Although Mark's main blog is based out of Bellmere, a small suburb in South East Queensland, Australia, approximately 45kms north of Brisbane, this is a global community website. You can participate and share information about sustainable living in the global forum, Self Sufficient Culture, or the Self Sufficient You section. 

After retiring from the Australian Army in 2008 after twenty-one years of service, Mark decided to share his life-long passion with sustainability by sharing his knowledge, and create a community forum where other people around the world could share their eco-living tips. Thorugh his website, Mark helps people save money, become healthier, reduce waste, recycle more, and thus help to sustain the environment and our planet.

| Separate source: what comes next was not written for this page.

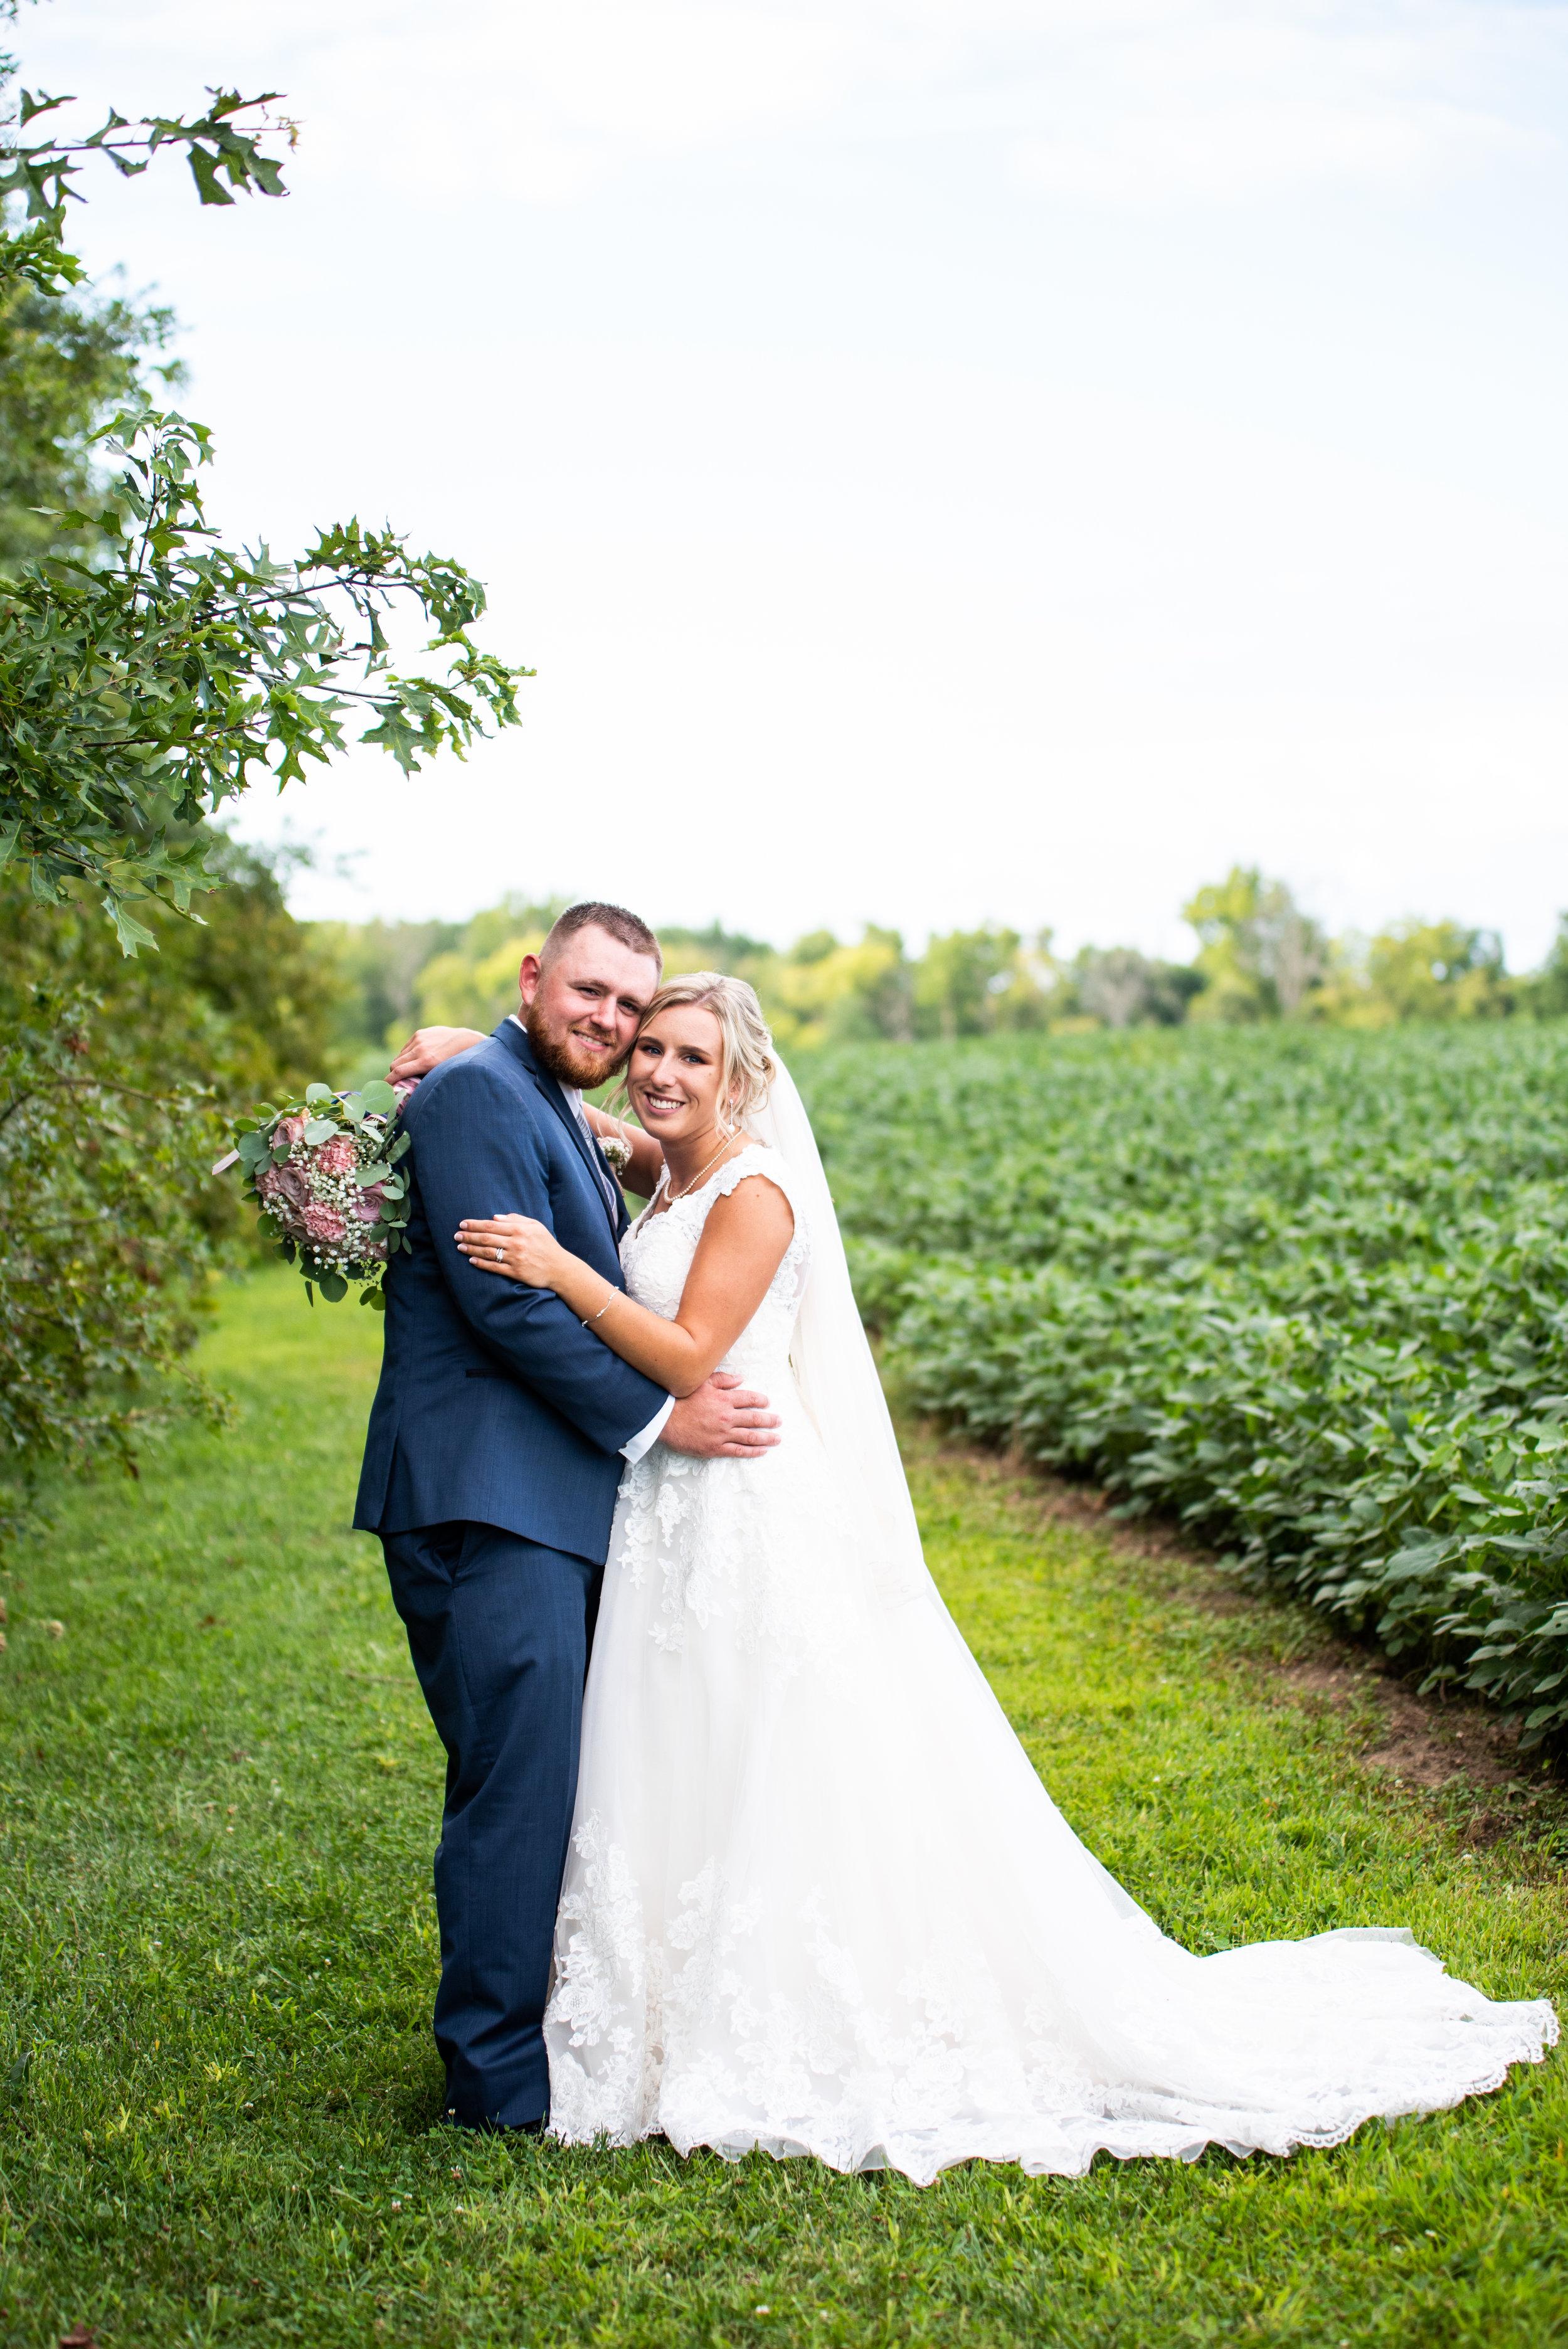 wedding (1 of 1)-146.jpg

I literally got lost on Mark's website for HOURS, reading through the wealth of information that he has to offer. What is compelling about his writing is that it comes from a place of real hands-on experience, making it more valuable. You can read about solar energyfruit and vegetable growing tips; recipes, and more.  These raw vegan coconut covered tamarillo balls are a wonderful example of Mark's simple recipes. 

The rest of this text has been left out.